Try to keep the amount of protein in each meal at 30?
50 grams, because the human body can only absorb about 30 grams of protein at a time, too much is waste.


For people who want to lose weight or eat a limited amount of food, protein powder is a better choice.

Protein is not the more the better, the more protein is not the better, because too much protein needs to be excreted, which will increase the cholesterol burden.

The kidney, an organ with great charm and potential in the male body, is the only way to excrete proteins in the human body. Excessive protein intake overloads the veins, causing metabolites to be blocked, kidney function is impaired, and physiological functions of hypertension are accelerated.deterioration.

But today, there are still few people whose daily protein intake exceeds the demand. As long as we comply with the standards we provide, men can feel satisfied and touch their waists, and eat and drink with confidence.

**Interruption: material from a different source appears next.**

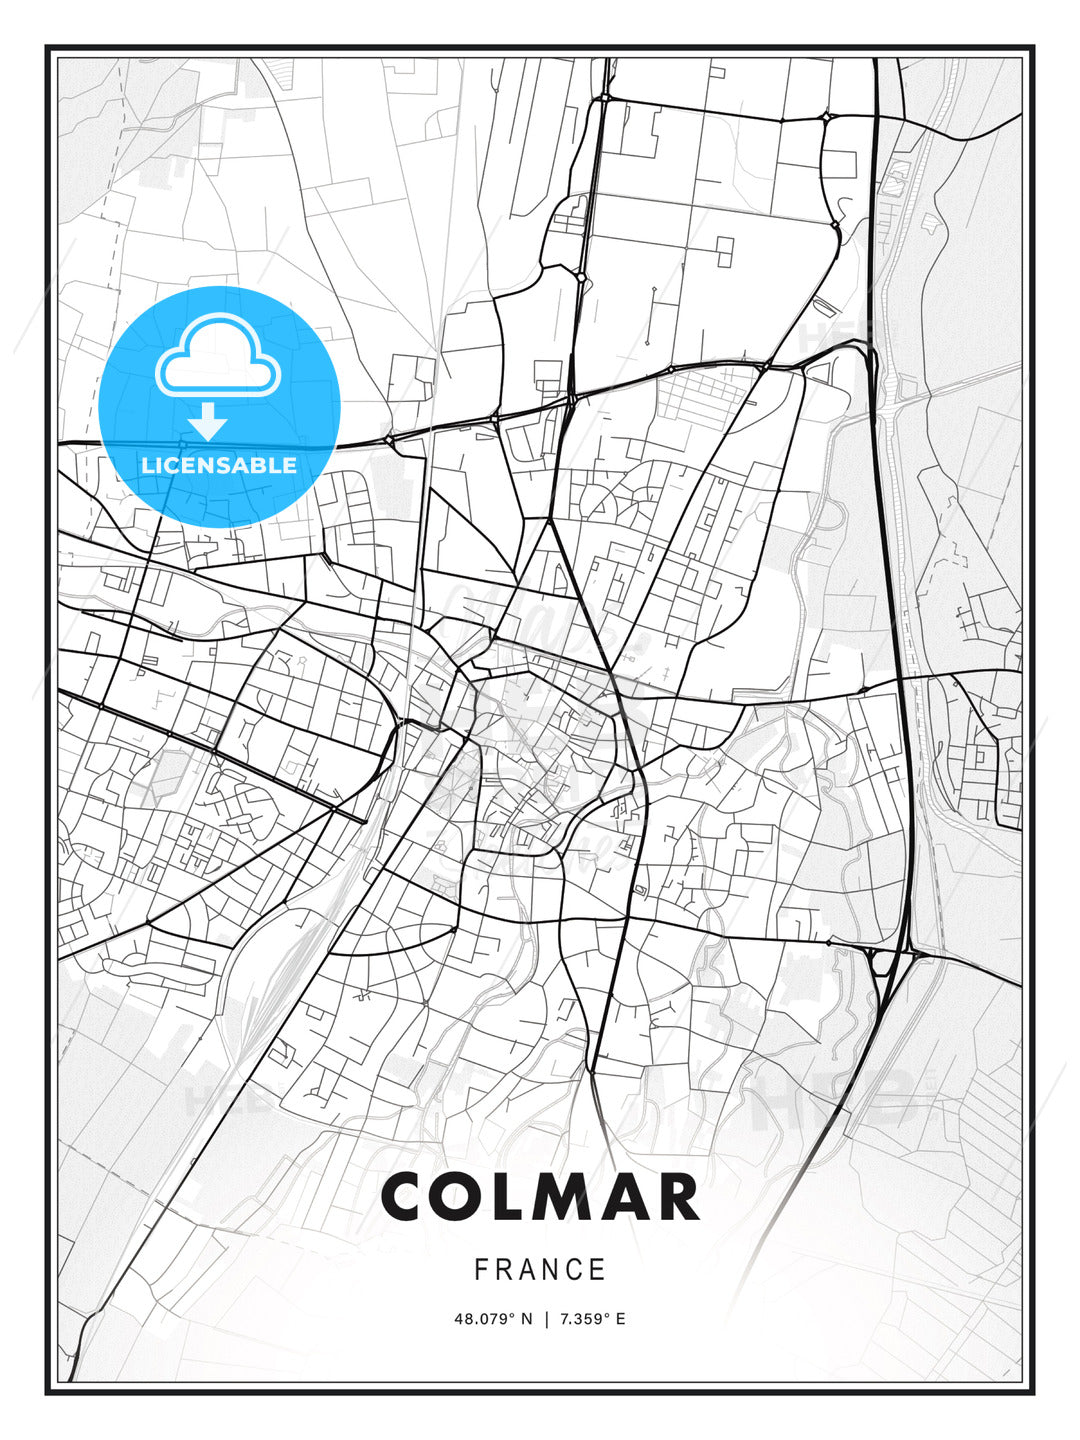 Colmar, France, Modern Print Template in Various Formats - HEBSTREITS Sketches

  Eat the protein in the correct order, and eat IQ. Professor Harvard University Sain observes that the subjects eat breakfast in different orders and finds that: first eat protein foods such as eggs and meat, then eat a small number of subjects such as rice noodles, and gradually reduce the sustained stability.And from morning to afternoon, he has a sharp mind and burns all day.

But subjects who ate starch before protein food were sleepy and wanted to sleep.

This is because eating blood plasma first causes blood pressure to rise, and the body secretes insulin in order to lower blood sugar; it also makes tryptophan in the blood reach the brain earlier than tyrosine, making it easier to relax, want to sleep, and slower thinking.